SLA Engine - a developer's perspective of the logic

andrew_och · ‎01-10-2025

What is the SLA Engine? What is it made up off? Is it really an Engine? All these questions and more are answered from the perspective of a developer working and supporting the SLA Engine.

The SLA Engine is not actually a real SNC engine, although the Legacy SLA implementation did use the Escalation Engine, but that is out of scope of this article.

Rather the SLA Engine is a grouping of Script Includes, Scheduled Jobs, flows/workflows, two key tables: SLA Definition: contract_sla and Task SLA: task_sla and a Business Rule which is where all SLA processing starts.

Business Rule: Run SLAs

This is split into two distinct pieces of logic, either use Script Include: SLAOfflineUpdate to add an insert/update entry into the sla_offline_update table for task records with Table attribute: offline_timestamp_field, or use Script Include: TaskSLAController to process the insert/update for a given task. Note task includes any extension of task, e.g. incident, problem, change etc.

Script Include: SLAOfflineUpdate

This has one core function:
queue (calling: _queue in SelfCleaningMutex 'Process SLA Offline Update Mutex ')

Given the task insert/update with Table attribute: offline_timestamp_field, populates table sla_offline_update with DOC/DOC_ID aka table/sys_id for asynchronous processing.

Script Include: TaskSLAController

The TaskSLAController has two core functions:

_processNewSLAs (calling: _processNewSLAs_criticalSection in SelfCleaningMutex 'Process New SLAs Mutex ')

Given the task insert/update it collects all the SLA Definitions start conditions and verifies if the task matches any of these start conditions.
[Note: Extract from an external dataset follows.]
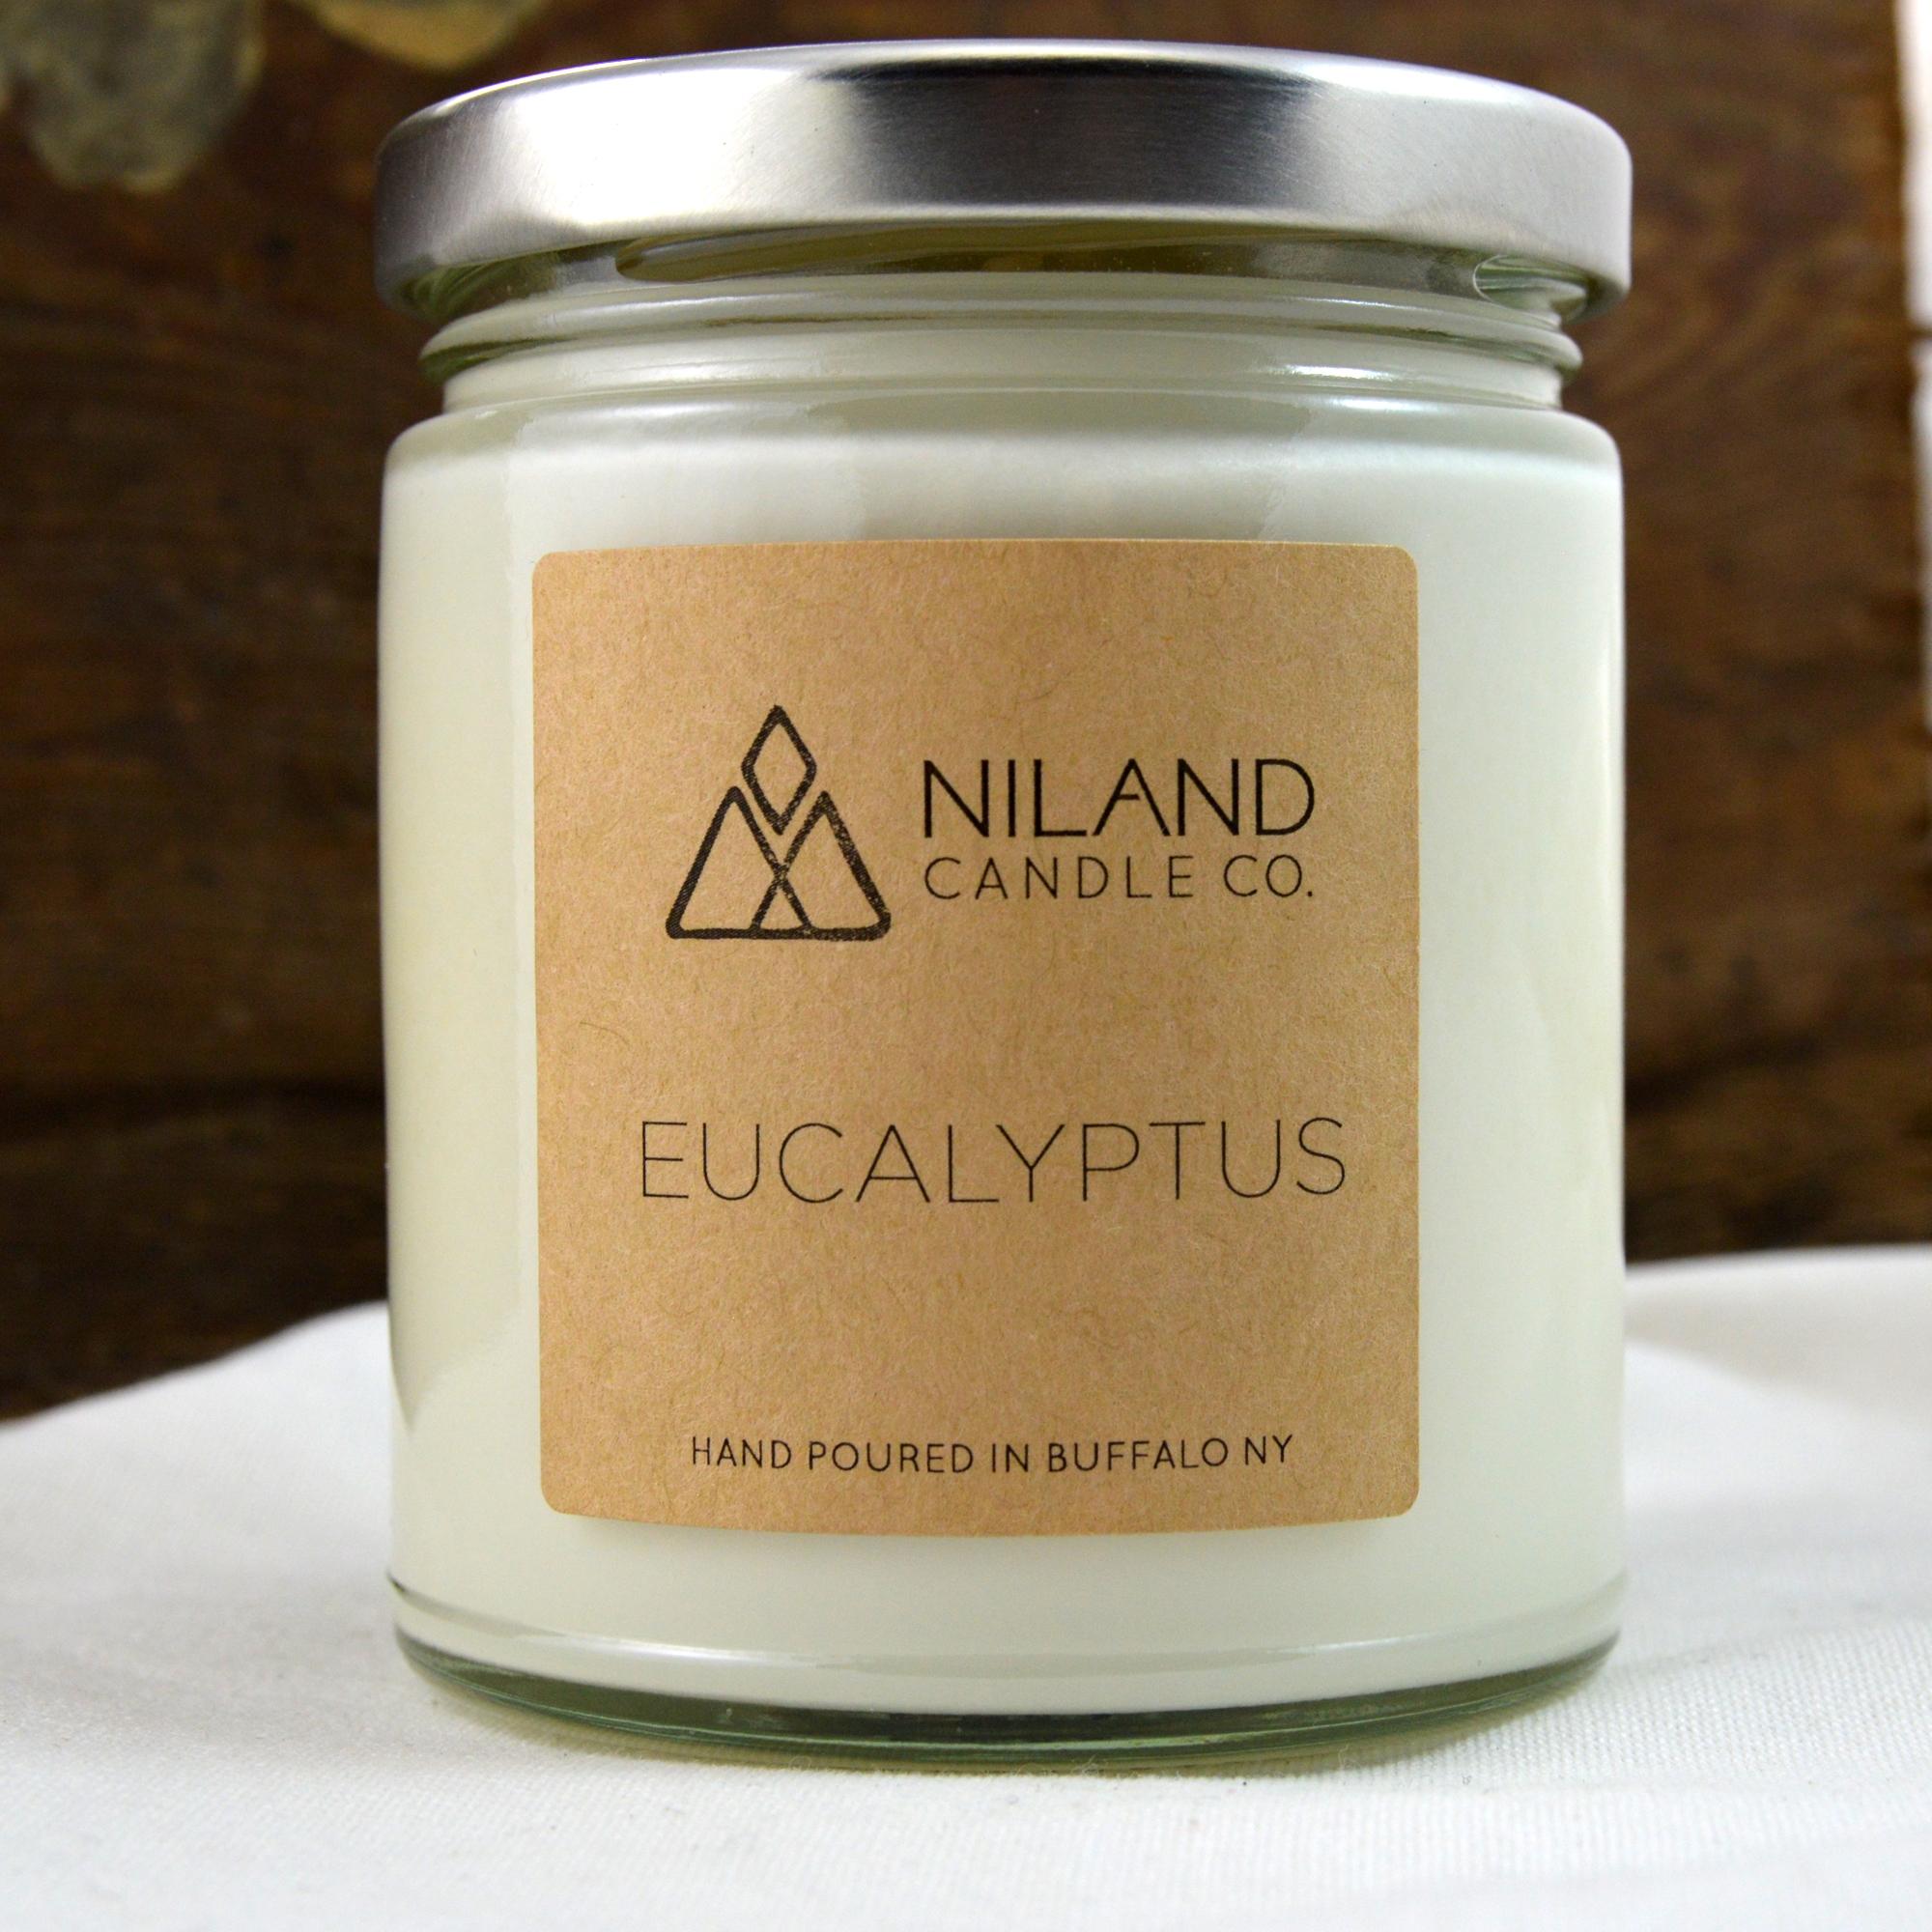 eucalyptus soy candle made in buffalo ny gift shop

It does this while holding a mutex against the task record to ensure there is no parallel processing to result in duplicate task_sla records being generated for a given SLA Definition. A start condition match for a given SLA Definition will insert a new task_sla record for that SLA Definition.

There is of course more complexity here, i.e. if reset, cancel, stop, pause conditions also match, then behaviour will depend on configuration. If contract management is enabled and configured, domains etc, all have the ability to affect the attachment of the task_sla record, however all of this happens within this thread of execution.

_processExitingSLAs (calling: _processExistingSLAs_criticalSection SelfCleaningMutex 'Process Existing SLAs Mutex ')

Given the task insert/update it evaluates all the SLA Definition conditions (stop, reset, cancel, pause/unpause) for all associated task_sla records. Again as above there is more complexity.

Both of these functions hand off the condition matching to another script include.

Script Include: SLAConditionBase

The first thing to note is that SNC ships two script includes: SLAConditionBase and SLAConditionSimple and that this script include is powered up in TaskSLAController via a property such that customers can replace this with their own script include.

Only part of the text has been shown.